DATASET EXCERPTS:
....

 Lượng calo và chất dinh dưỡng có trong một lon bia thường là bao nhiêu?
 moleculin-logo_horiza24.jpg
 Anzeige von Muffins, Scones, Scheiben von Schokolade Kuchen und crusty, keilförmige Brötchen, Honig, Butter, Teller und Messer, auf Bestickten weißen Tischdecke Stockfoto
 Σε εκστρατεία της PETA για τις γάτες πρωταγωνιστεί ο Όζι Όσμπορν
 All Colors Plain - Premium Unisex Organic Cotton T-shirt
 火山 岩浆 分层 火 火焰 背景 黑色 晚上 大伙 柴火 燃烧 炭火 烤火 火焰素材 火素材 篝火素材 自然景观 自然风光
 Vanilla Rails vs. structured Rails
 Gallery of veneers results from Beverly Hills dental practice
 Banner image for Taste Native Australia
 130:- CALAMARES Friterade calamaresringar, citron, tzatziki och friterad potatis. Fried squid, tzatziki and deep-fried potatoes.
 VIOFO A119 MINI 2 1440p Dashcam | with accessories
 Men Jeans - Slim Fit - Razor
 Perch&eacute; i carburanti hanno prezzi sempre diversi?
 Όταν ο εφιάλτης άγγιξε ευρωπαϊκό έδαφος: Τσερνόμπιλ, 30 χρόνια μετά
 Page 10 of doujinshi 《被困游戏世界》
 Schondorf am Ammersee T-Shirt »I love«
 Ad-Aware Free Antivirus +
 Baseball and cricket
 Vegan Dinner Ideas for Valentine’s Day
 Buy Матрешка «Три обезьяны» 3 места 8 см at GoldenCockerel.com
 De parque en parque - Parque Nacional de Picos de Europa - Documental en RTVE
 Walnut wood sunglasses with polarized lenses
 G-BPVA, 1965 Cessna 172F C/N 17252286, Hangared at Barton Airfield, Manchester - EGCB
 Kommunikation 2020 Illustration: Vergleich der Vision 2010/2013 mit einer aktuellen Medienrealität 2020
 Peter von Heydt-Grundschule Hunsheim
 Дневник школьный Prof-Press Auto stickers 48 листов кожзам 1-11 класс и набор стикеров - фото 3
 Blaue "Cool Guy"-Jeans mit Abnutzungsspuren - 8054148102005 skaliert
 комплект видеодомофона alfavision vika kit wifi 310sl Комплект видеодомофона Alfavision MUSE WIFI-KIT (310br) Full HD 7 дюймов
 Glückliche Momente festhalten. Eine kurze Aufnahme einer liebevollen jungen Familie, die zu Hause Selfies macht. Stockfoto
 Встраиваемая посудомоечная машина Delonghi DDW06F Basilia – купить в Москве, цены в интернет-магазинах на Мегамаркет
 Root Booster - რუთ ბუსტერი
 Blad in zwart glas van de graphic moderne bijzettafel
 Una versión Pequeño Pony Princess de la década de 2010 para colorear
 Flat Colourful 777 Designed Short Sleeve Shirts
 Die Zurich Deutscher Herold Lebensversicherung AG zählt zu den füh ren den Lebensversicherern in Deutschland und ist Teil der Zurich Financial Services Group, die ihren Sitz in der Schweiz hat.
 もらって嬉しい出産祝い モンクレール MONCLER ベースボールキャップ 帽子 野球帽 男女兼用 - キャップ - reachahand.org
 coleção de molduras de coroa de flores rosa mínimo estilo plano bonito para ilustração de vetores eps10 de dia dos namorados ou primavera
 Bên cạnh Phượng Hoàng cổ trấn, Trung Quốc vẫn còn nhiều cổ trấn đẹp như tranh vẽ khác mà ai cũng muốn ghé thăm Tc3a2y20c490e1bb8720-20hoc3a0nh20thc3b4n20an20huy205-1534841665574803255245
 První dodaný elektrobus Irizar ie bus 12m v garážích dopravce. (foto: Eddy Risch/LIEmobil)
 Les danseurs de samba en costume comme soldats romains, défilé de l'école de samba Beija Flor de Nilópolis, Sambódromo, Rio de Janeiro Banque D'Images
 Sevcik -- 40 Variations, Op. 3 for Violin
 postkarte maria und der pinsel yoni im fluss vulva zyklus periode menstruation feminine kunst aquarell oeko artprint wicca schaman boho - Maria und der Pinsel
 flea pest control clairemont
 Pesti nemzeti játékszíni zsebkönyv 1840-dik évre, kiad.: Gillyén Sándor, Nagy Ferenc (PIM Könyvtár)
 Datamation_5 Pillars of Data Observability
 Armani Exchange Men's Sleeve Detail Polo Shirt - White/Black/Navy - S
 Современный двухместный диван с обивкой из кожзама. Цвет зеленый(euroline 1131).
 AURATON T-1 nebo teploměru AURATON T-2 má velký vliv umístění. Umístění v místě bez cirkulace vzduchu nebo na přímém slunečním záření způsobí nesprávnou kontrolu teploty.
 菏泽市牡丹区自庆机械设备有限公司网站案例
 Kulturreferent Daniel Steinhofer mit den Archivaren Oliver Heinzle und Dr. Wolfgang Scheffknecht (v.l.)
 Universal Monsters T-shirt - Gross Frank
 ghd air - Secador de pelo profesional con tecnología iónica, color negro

....

WHAT YOU ARE ASKED TO DO:
Going through the listing above, count every line in which the word "Jeans" occurs, and state only the count.

RESULT FOR THIS EXERCISE:
2